The idea that Google is an ad company stems from a misunderstanding of the content business. While a content company may get most or even all of its revenue from advertising, it never forgets that its user loyalty flows from its quality of service and content. And no one knows better than Google how quickly that loyalty can shift to someone else.

That doesn’t mean that Google won’t be working hard to advance that state of the art in online advertising. But the meme “You’re not a X company, you’re a Y company.” is one of those things that have given management consultants a bad name.

Research hints at new revenue pressure on telcos

TNS Telecoms says that per-user telecom spending in the US decreased in the fourth quarter of 2002, the first quarterly decrease in more than three years.
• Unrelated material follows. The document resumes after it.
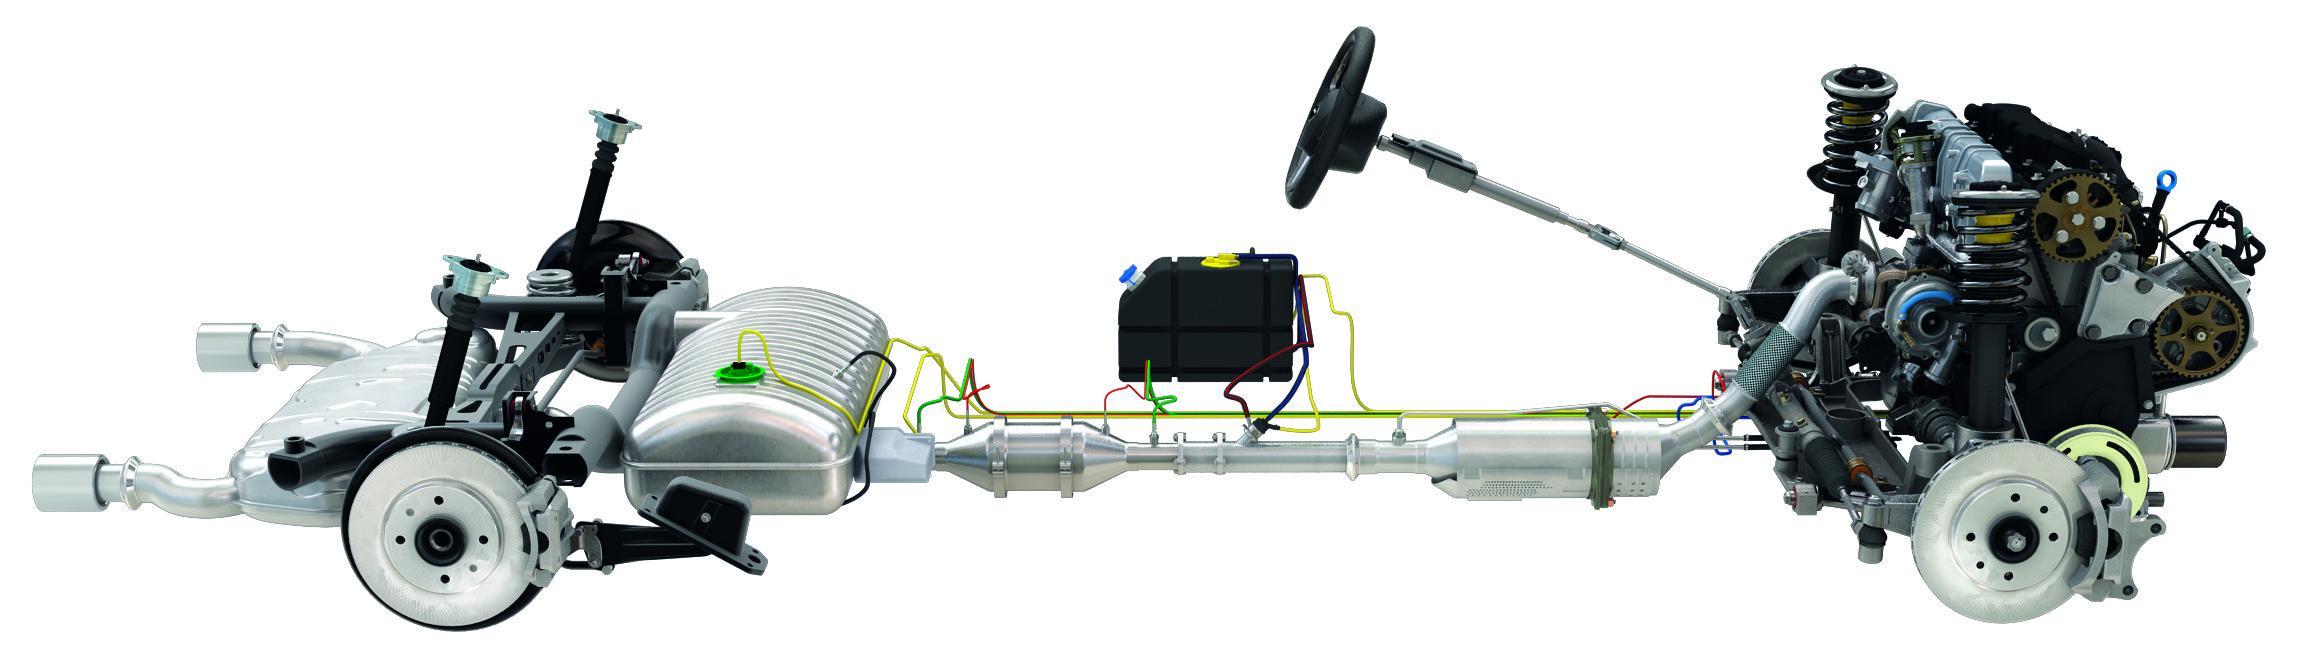 Imporfase-wireframes-full-car-walker
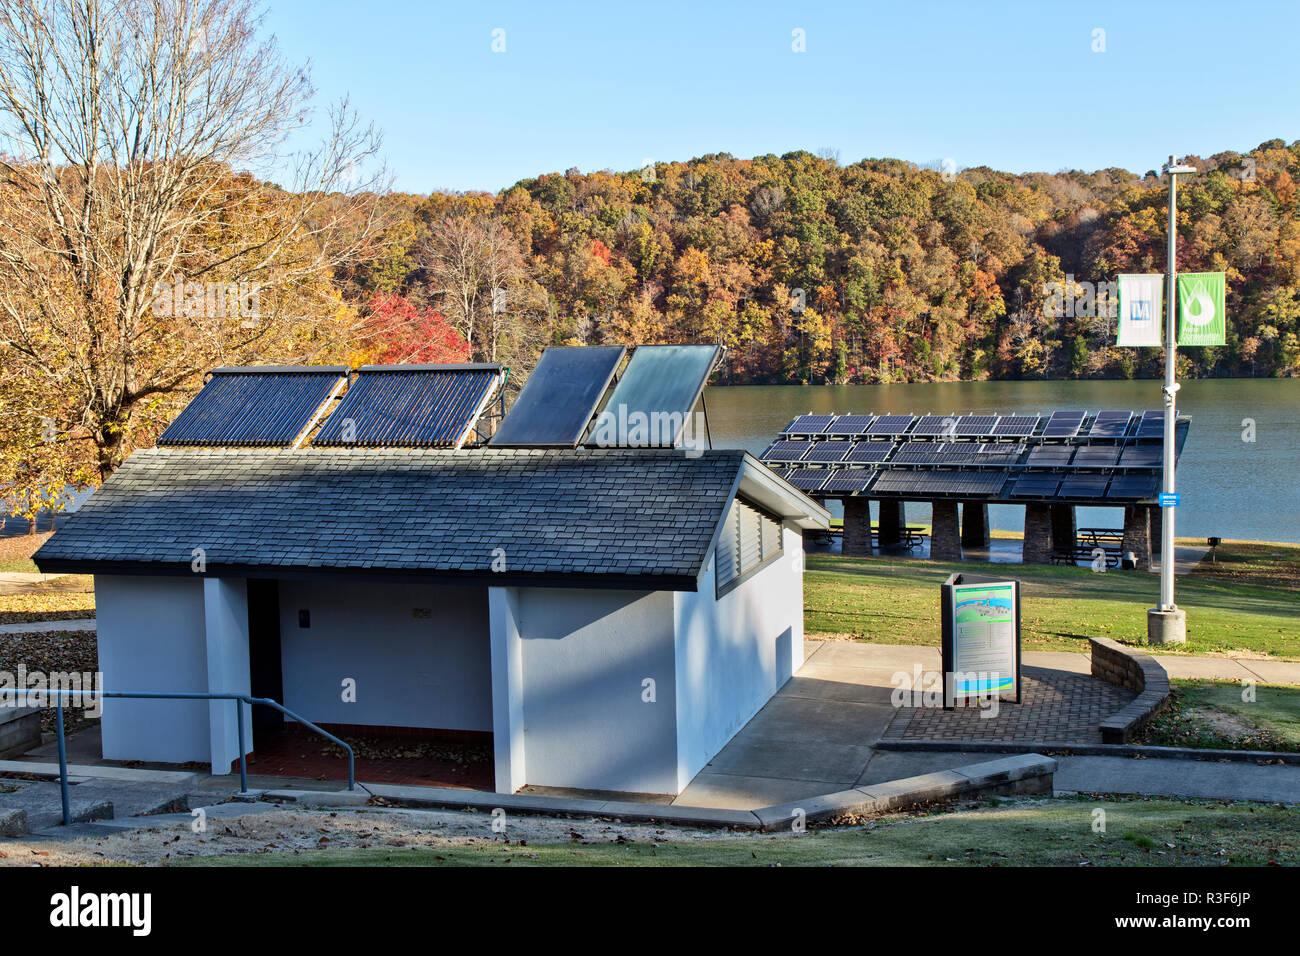 Calentadores solares de agua caliente en el baño, techo con paneles solares, en el fondo, facilitando Melton Hill Dam Recreation Area camping. Imagen De Stock

For years, telcos have been relentlessly focused on increasing ARPU (average revenue per user, not the guy who runs the Kwik-E-Mart) to the detriment of customer service and rational pricing. Between competition for zombie telcos, their inability to deliver any new value propositions to their customers, their debt chickens coming home to roost, and the Bush recession (or the Bush dip in the Clinton recession if you prefer) these guys have what positive thinkers refer to as “an insurmountable opportunity”.

Short-term, don’t expect the telcos to cut publishers any slack. They’re going to be looking for change under every cushion in the marketplace. Long-term, look for their receivers to loosen things up after they’ve written off their debts.

Reclaiming the Web with simplicity and hackability

Sterling Hughes is right. The Web is becoming too complicated for its own good. I have a long list of new technologies I have to learn if I’m going to understand how to build “modern” web pages.

One big reason for the triumph of the Web is that it was so easy to build sites with HTML. New standards and theoretical purity are beginning to stand in opposition to the beauty and simplicity of “good enough”. The good news is that “good enough” usually wins in the end.

Sterling’s post inspired Jeremy Zawodny’s praise of Moveable Type for its simplicity and hackability. It’s difficult to think of a single piece of software that is as loved as MT. Certainly there are no other content management systems are as loved by their users.

I love CSS because it has simplified my site design, markup, and therefore maintenance immeasurably and has inspired me to play around with site design and structure. I felt the same way about tables for a month, but eventually changing table-based designs made my head hurt.

Are you laying out the Unwelcome Mat?

Steve Yelvington says that unless readers are willing to accept Javascript, they’re unwelcome on most newspaper Web sites:

Another common complaint is “it doesn’t work with Javascript turned off.” Well, here’s a wake-up call: Since we often use Javascript to deliver advertising, users with Javascript disabled aren’t particularly welcome. They’re not participating in the fundamental free trade that enables news sites to exist: Your attention (which I can sell to my advertisers) in exchange for my content.

Why turn away readers?

Steve says it’s a limitation of Open AdStream, which is used by most newspaper sites. It seems to me that this is not the users’ problem to fix by welcoming Javascript. It’s the publishers’ problem to fix by figuring out a way to serve ads to users to who choose not to let you run programs on their computers.